▶ **What needs to be done**:
Give the data back exactly. Leave out any images.

▶ **Given data**:
=-=-=

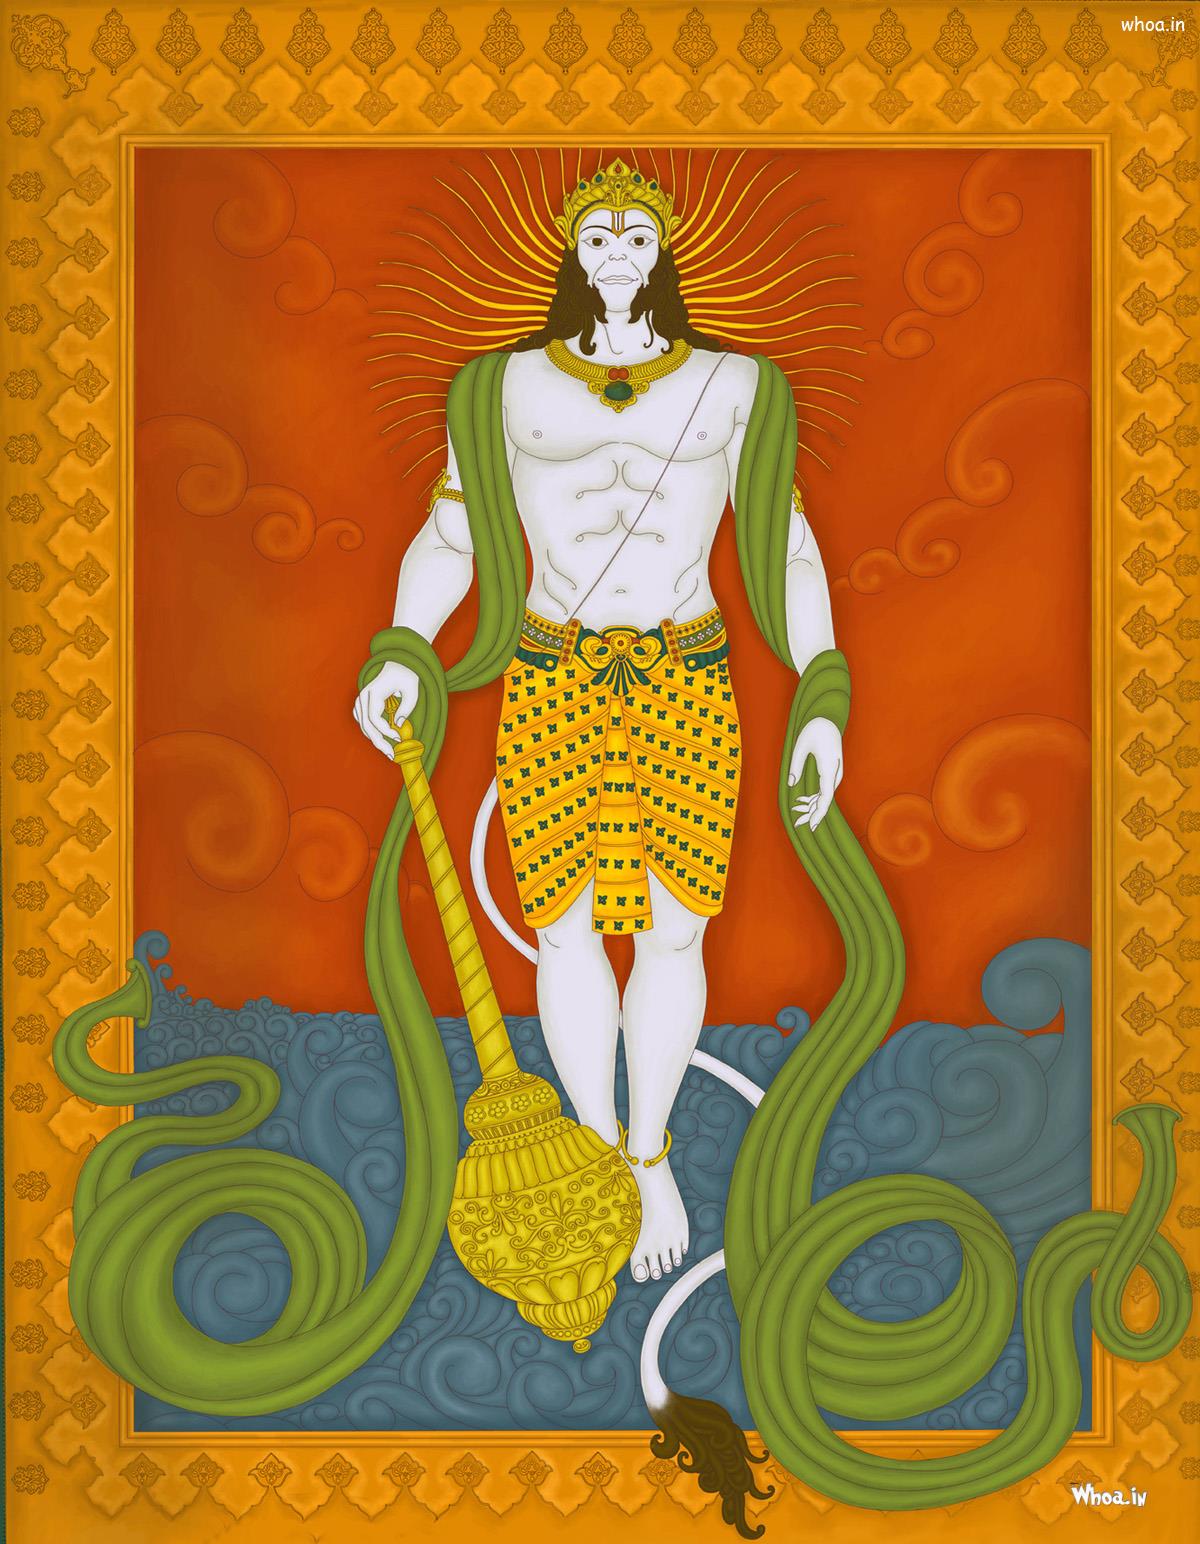 Whoa - In Logo - Lord Hanuman Paintings Hd - HD Wallpaper 
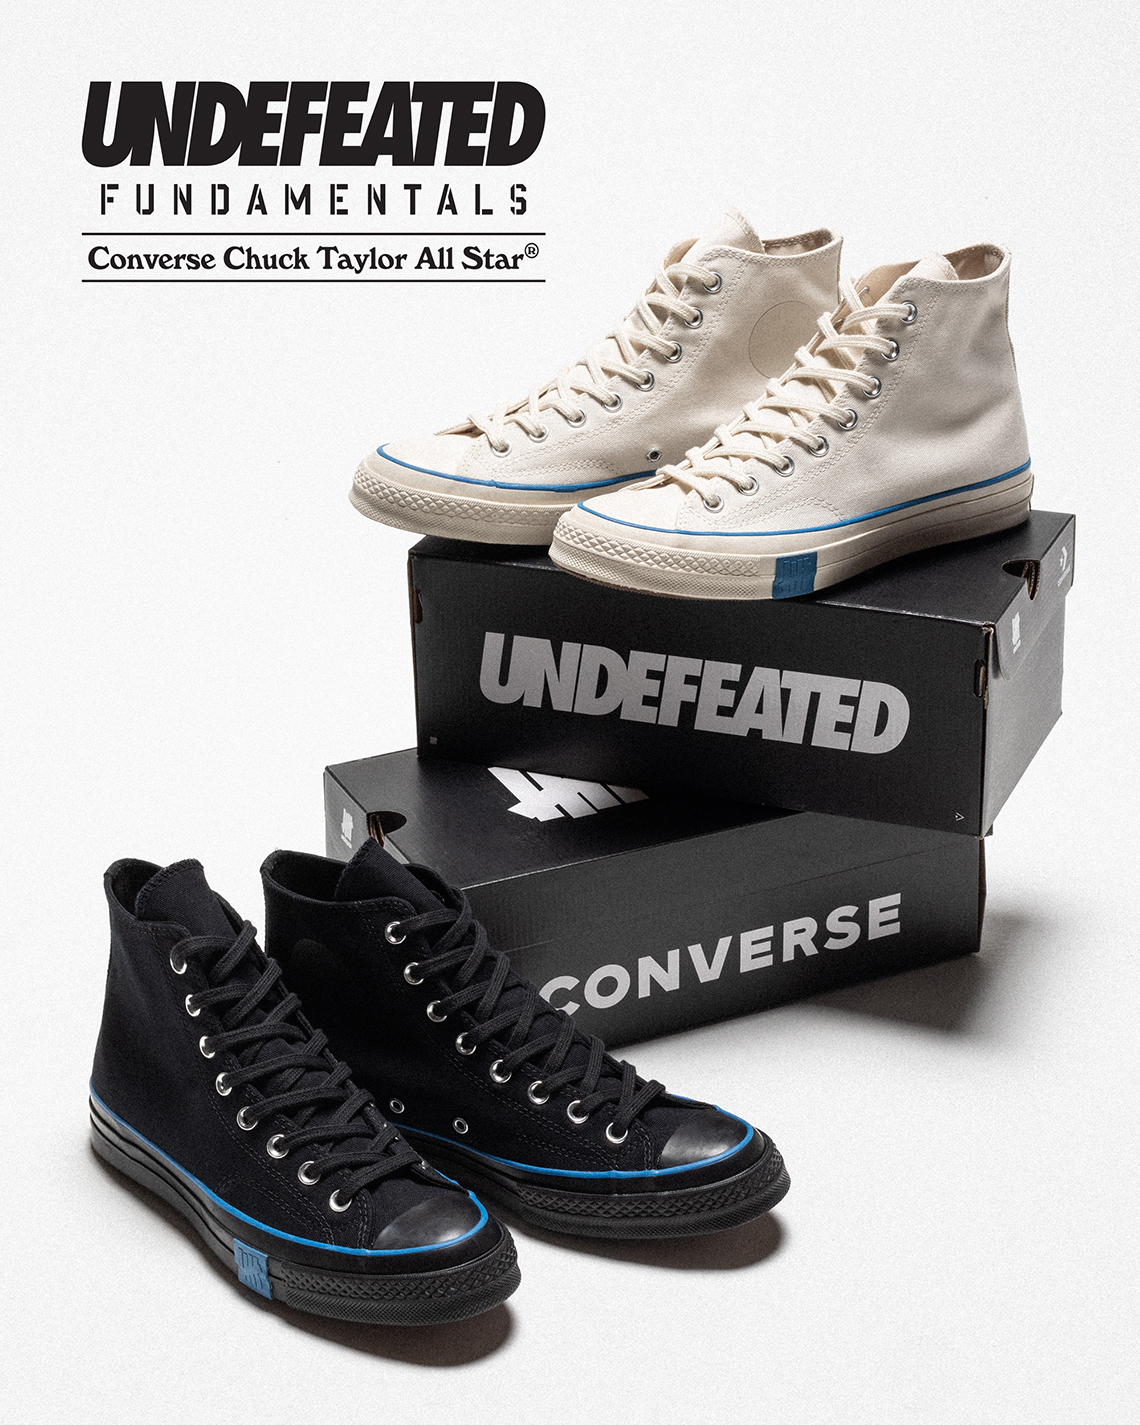 Undefeated Converse Chuck 70 Fundamentals Release Info 4
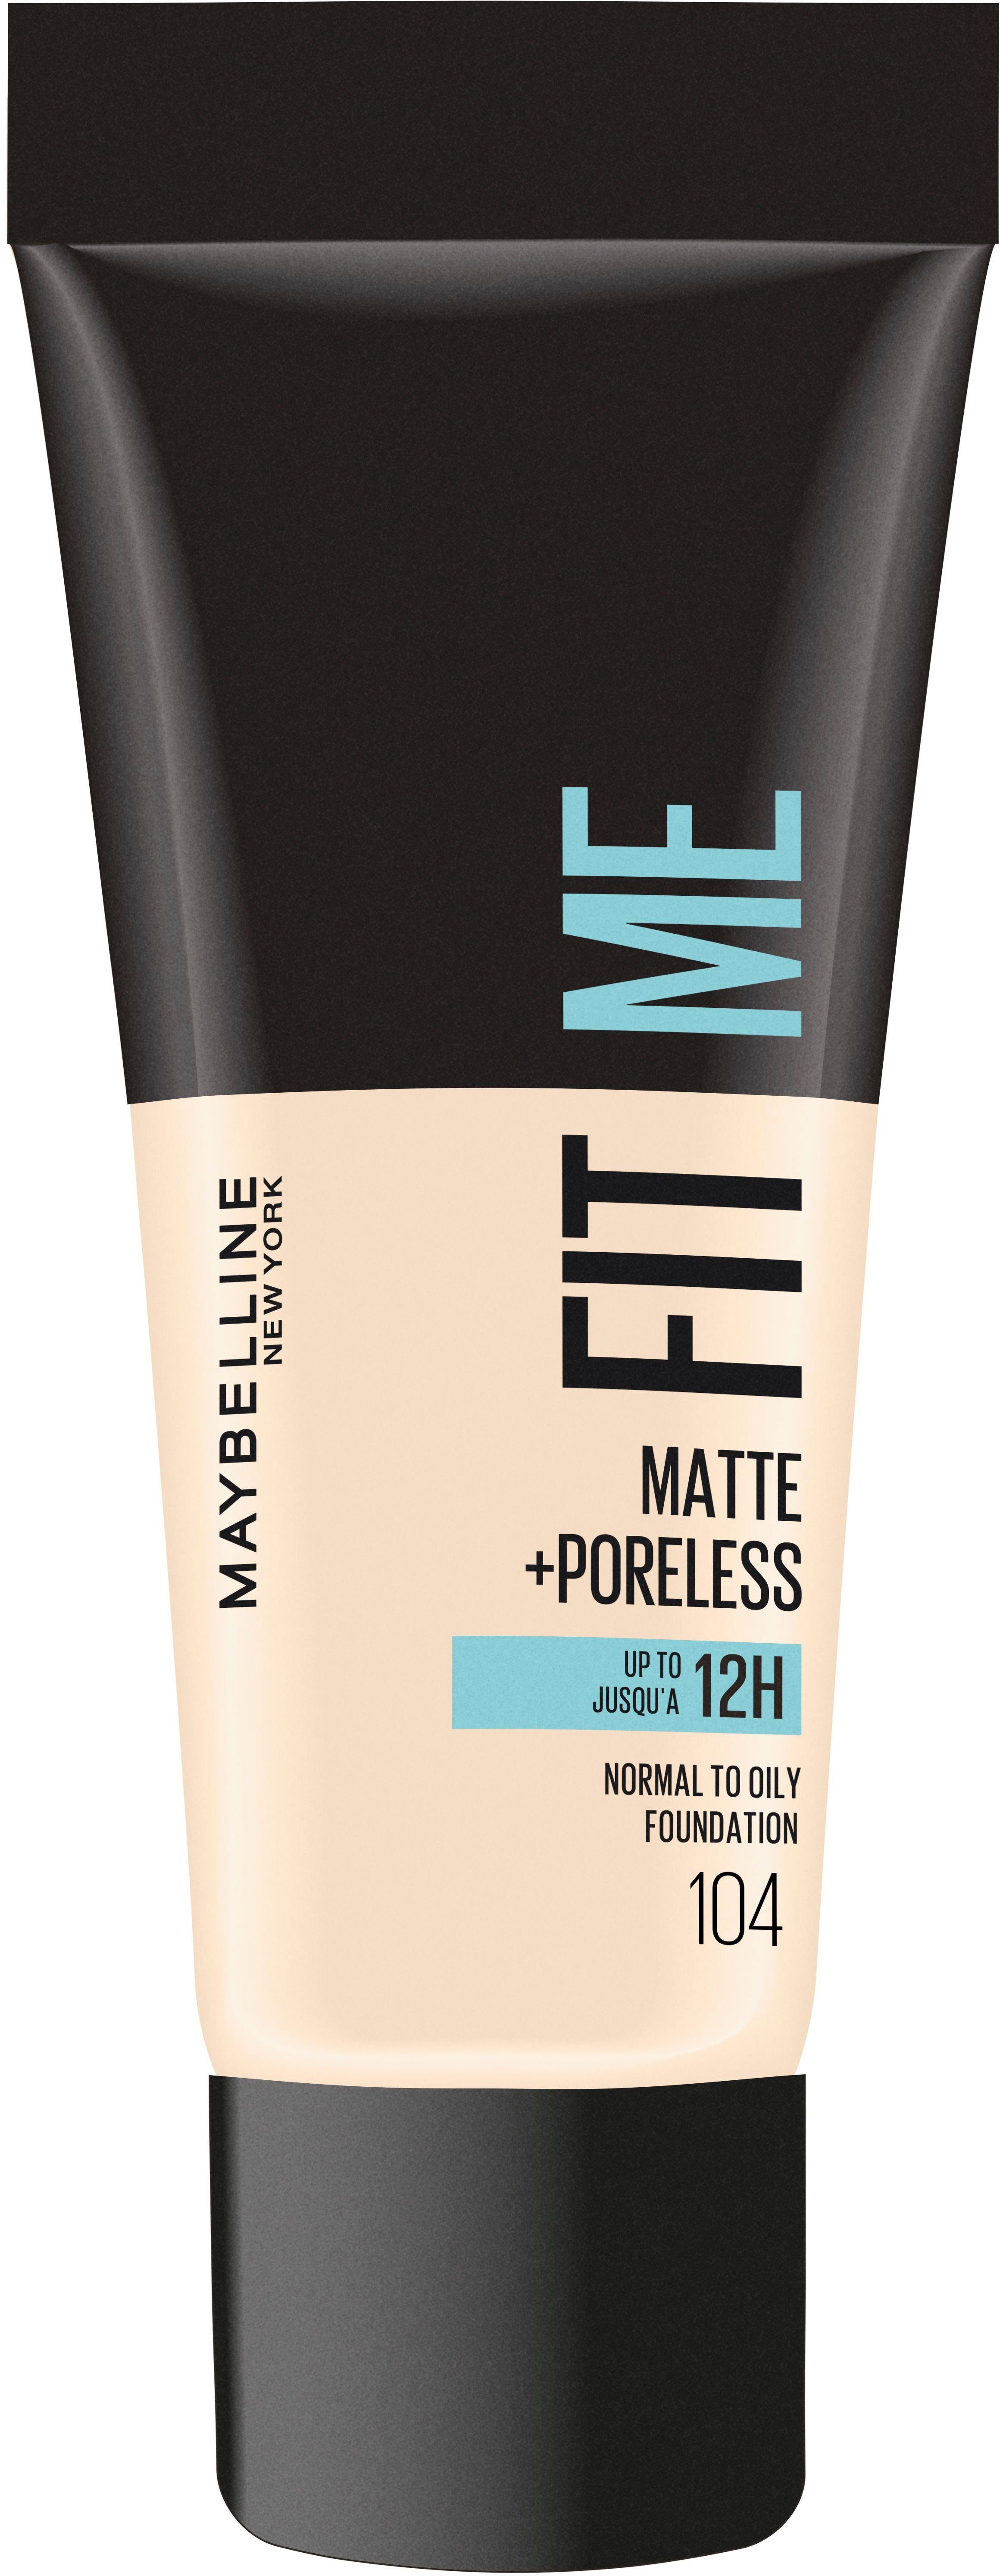 New Poreless York Maybelline YORK NEW Fit Make-Up Me! Foundation + MAYBELLINE Matte

=-=-=

▶ **Your solution**:
 Whoa - In Logo - Lord Hanuman Paintings Hd - HD Wallpaper 
 Undefeated Converse Chuck 70 Fundamentals Release Info 4
 New Poreless York Maybelline YORK NEW Fit Make-Up Me! Foundation + MAYBELLINE Matte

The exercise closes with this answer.